Other serious circumstances: This list of circumstances is not exhaustive, there might be other circumstances that could affect you that are not listed here. You can get advice on your circumstances from your Departmental Tutor, and the Advice Service.

Other serious circumstances can include: serious financial or housing problems which prevented you from studying, major incidents and pregnancy and maternity related issues.

What happens as a result of submitting extenuating circumstances?

A Programme Leader (or equivalent), Departmental Tutor or Exam Board Chair may approve a coursework extension of up to one week. In this case, the outcome of the request and any extension granted should be communicated to the student in writing as soon as possible.

The following outcomes must be approved by an extenuating circumstances panel (EC Panel):

A) A coursework extension of more than one week

b) Condoned late submission of coursework

c) An alternative method of assessment (approved by the External Examiner)

d) Deferral of assessment to the next occasion

e) Exclusion of the affected component/ module from completion, progression, award or classification decisions, up to a maximum of 30 credits in each year of study.

There are Faculty EC Panels and Departmental EC Panels. They consider whether the circumstances submitted to them are valid extenuating circumstances and what action should be taken for those circumstances.

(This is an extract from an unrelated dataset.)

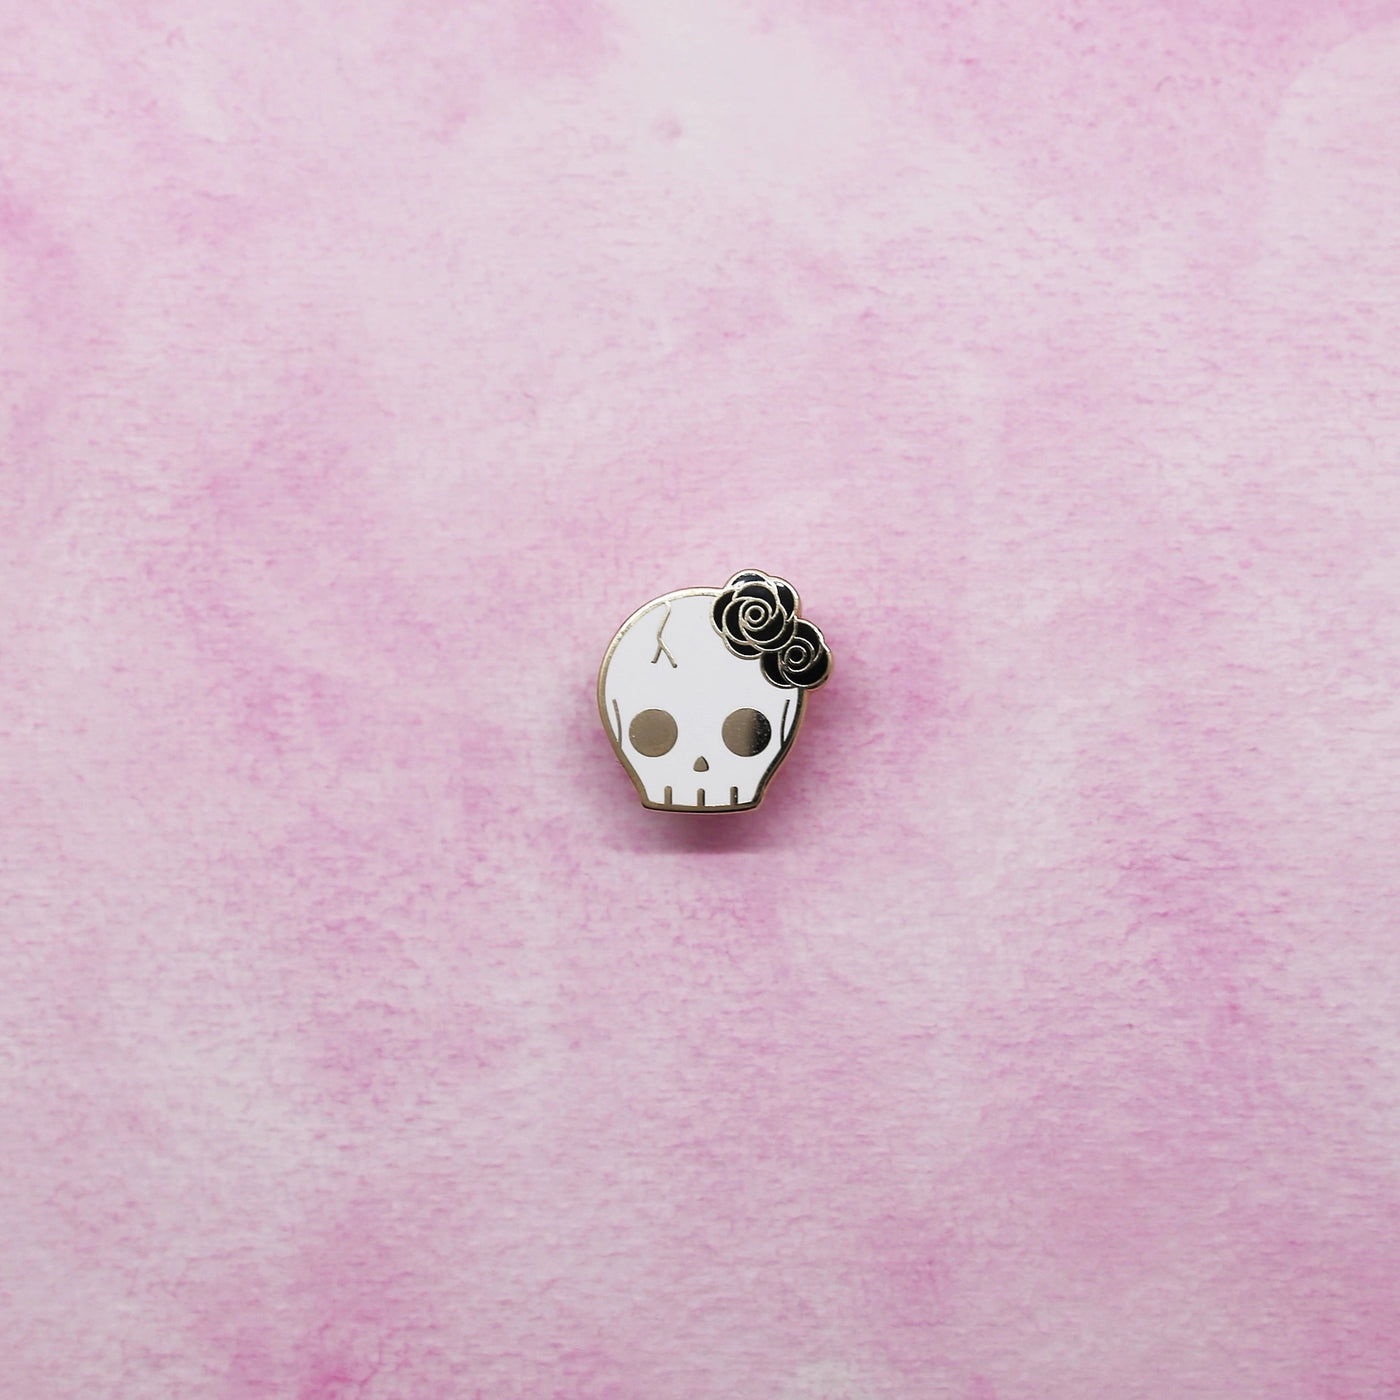 Black Flower Skull Pin

The EC Panels are made up of the following staff:

The Faculty EC Panels should be chaired by the Faculty Tutor. In addition to the Chair and Deputy Chair, the panel must include at least two members of senior Faculty staff such as Faculty Graduate Tutors, Programme Leaders, Departmental Tutors etc.The secretary should be a named member of staff from the Faculty administration team.

The Departmental EC Panel should be chaired by the Head of Department or the Departmental Tutor. In addition to the Chair and Deputy Chair, the panel must include at least two members of senior Departmental staff such as Programme Leaders, Departmental Tutors etc.The secretary should be a named member of staff from the Departmental administration team.

The EC Panels are responsible for making recommendations to the Programme Board of Examiners, so the board of examiners can then recalculate any marks, confirm whether a student can progress/graduate etc. They are also responsible for informing other relevant areas of UCL, such as student records and other teaching departments.

Students should be notified of the EC Panels decision on any action to be taken within one week of the EC panel meeting. Confirmation of any new results or assessment dates should be communicated by the relevant departments.

Extenuating circumstances appeals

​Students cannot contest the outcome of an EC request on the grounds of academic judgement. However if the student feels that there has been a procedural error in the handling of their request, or that the type of mitigation offered is unsuitable, the student may request that EC Panel reviews their decision.Requests for review must be submitted within two weeks of the extension or mitigation decision. Student handbooks/ Moodle should include clear details of where to submit extenuating circumstances requests; requests for review should be submitted to the same office. 

The student should get a decision notified to them within one week of submitting the request for review. If the student is still unhappy after a review, they may still be able to appeal using the Student Complaint Procedure.

Extensions

You can request an extension to a deadline for assessed coursework where you may be affected by an extenuating circumstance. This is done by following the usual extenuating circumstances procedure.

Interruption of study

If your circumstances are ongoing and you feel they are having a significant detrimental affect on your studies, such as you feel you would like to take a temporary break, you can interrupt your studies. You can find more information about this on the UCL website . We would strongly recommend that you get an appointment with one of our advisers to discuss this and we can advise you on the other impacts this may have on things such as your fees and finances and your housing.
In all cases of interruption of study you will need to attend an appointment with UCL Student Support and Wellbeing to ensure that you have support.